Africa has the largest pool of untapped tech talent in the world, according to Jeremy Johnson.

The 31-year old says that for two reasons:
  1. Human brilliance is evenly distributed around the world, but opportunity isn't.
  2. There are four jobs for every software developer in the U.S.
Johnson's solution is Andela, a program that finds the best and brightest students or programmers in Africa, trains them up, and places them in jobs at hot startups like Udacity and Fortune 500s like Microsoft. His startup, which launched last July, is disrupting the tech sphere by creating a new model for how companies hire and staff their talent."You're combining an unlikely source of talent with a new model of education," Johnson told Business Insider on Tuesday. "We're getting increased customer attention from companies and nobody is dropping our fellows. And that's an atypical thing."

With a 0.7% acceptance rate and a two-week boot camp to further refine that pool, Andela is the most selective tech training program in Africa. The lucky ones are admitted after a series of aptitude tests; then they go through intensive training sessions for six months. Those over 18 can apply and the average applicant age is 25.

Andela pays students to learn and provides them a wage that puts them in the top five percent of Nigerian earners. At the same time, it's cheaper for companies to staff their technical team with Andela students than with another candidate, which is a win-win, according to Johnson. Students' wages increase as they improve their skills.

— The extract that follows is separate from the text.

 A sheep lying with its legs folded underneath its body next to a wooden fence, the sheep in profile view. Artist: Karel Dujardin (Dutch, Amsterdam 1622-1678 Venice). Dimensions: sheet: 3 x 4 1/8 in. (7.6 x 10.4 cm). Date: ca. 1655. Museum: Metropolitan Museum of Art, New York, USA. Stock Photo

When they graduate, Andela helps them jumpstart their own companies or places them in tech roles at corporations.

Piloting in Nigeria and Lagos, Andela has received about 16,000 applications to date. Johnson recruited the strongest developers in the world from places like Google to serve as mentors.

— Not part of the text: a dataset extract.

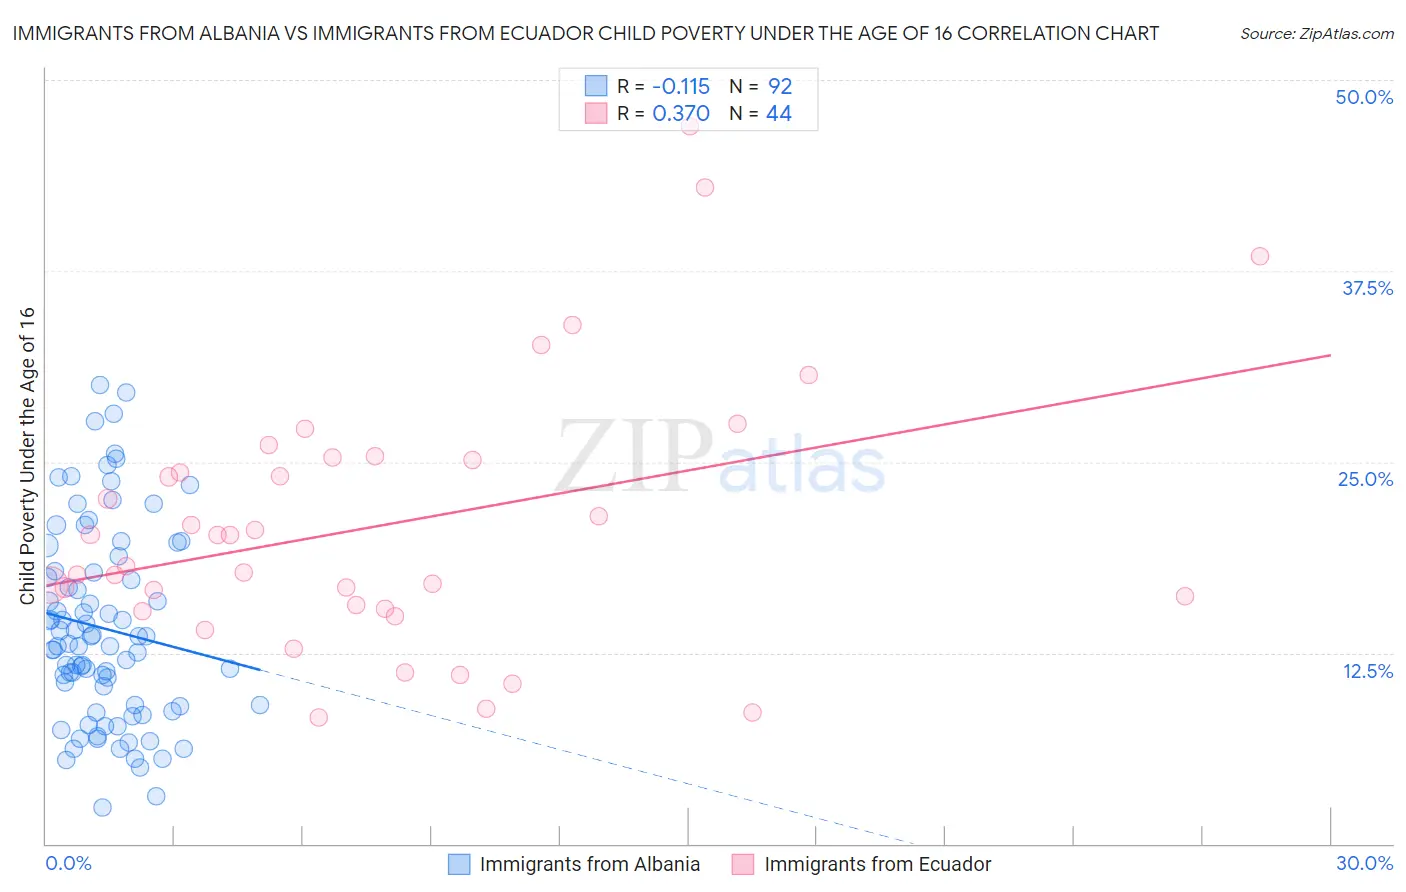 Immigrants from Albania vs Immigrants from Ecuador Child Poverty Under the Age of 16

"Since we found enough genius-level software companies that will hire [our students], we don't want to accept anyone who doesn't meet an ideal standard," Johnson said.

Andela hopefuls are finding out about the startup mainly through Twitter, job sites and word of mouth.

"There's a perception here that people [in Africa] don't have access to the internet at all and that's not true," Johnson said. "Most young people in Nigeria have smartphones and there's a widespread connectivity of social media."

This isn't Johnson's first business attempt. He is the former CEO of 2U, a publicly-traded company that offers online graduate-level courses for credit. Johnson just closed a round of funding for Andela which he says was four times oversubscribed.

Andela just closed series A funding led by venture capital firm Spark Capital. LearnCapital, Omidyar Network and others joined the round.

With the financing, Johnson will close in on his plan to train 100,000 developers in Africa over the next decade. He also wants to send Andela students to other countries like Europe which is also experiencing a growing demand for developers.

"We plan to increase capacity and expand into other areas," Johnson said. "We have a list of five to ten other countries we're exploring."